Frammento del manoscritto de "La malattia mortale".

Ad occuparsi in modo particolare del problema della comunicazione filosofica fu Kierkegaard che riprendeva la questione lasciata aperta da Socrate, colui che considerava il suo maestro di vita. Egli cioè si poneva il problema di conservare il carattere dialogico della dottrina socratica in opere scritte e nello stesso tempo operare attraverso questa comunicazione una modificazione d'esistenza.
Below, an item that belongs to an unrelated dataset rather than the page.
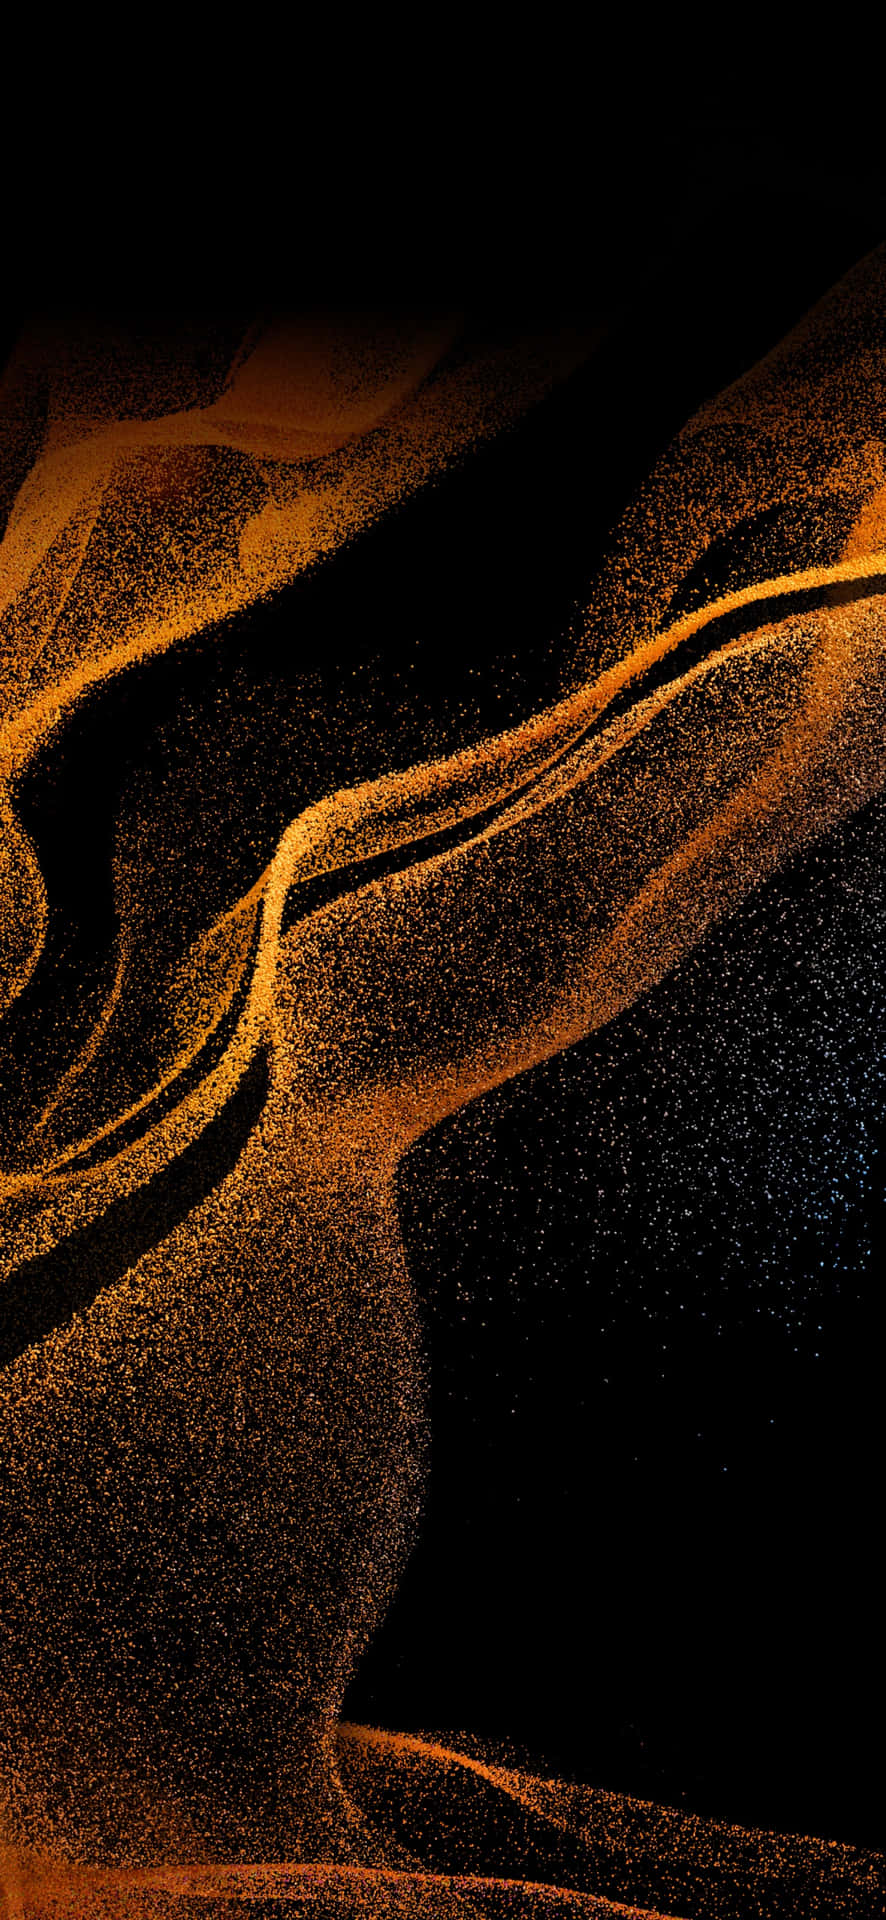 Abstract Golden Sands Artwork Wallpaper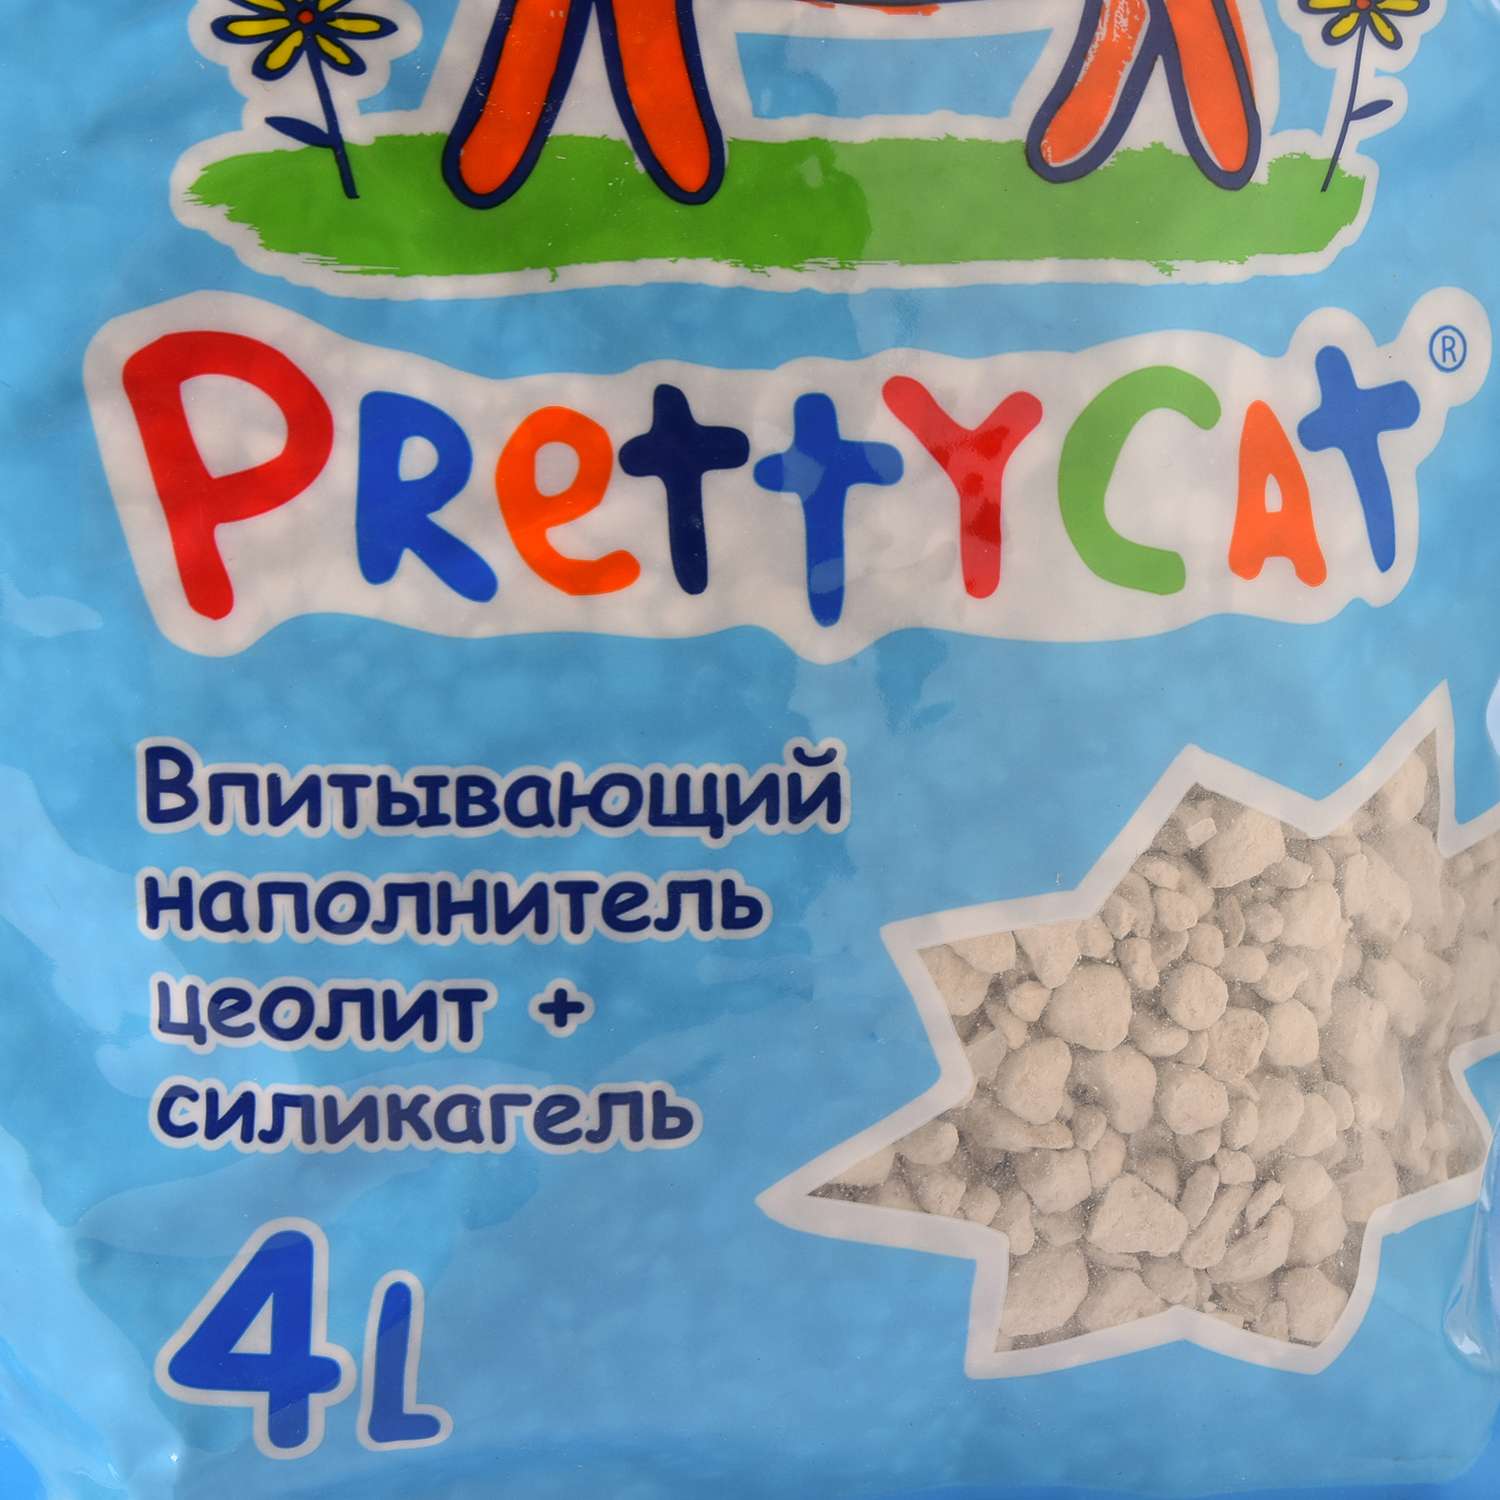 Наполнитель для кошек PrettyCat Aroma Fruit глиняный впитывающий с део-кристаллами 2кг - фото 5

La natura contestatrice e per così dire rivoluzionaria di Kierkegaard si manifesta non solo nella sua lunga battaglia, dove impegnò anche le sue modeste risorse economiche, contro la Chiesa luterana danese accusata da lui di una borghese burocratizzazione e mondanizzazione che la portava a deformare e tradire l'originale messaggio cristiano, ma anche contro la filosofia accademica del suo tempo. [1] [2] In fondo anche l'uso del paradosso che fa il pensatore danese nell'esposizione del suo pensiero è un modo per andare contro l'opinione comune dei benpensanti, è un "guanto di sfida": il suo fine non è solo di far cogliere la razionalità nell'apparente assurdità di certe contraddizioni logiche ma anche quello di "epater les bourgeois", stupefare i borghesi come cantavano durante la Rivoluzione francese.[3]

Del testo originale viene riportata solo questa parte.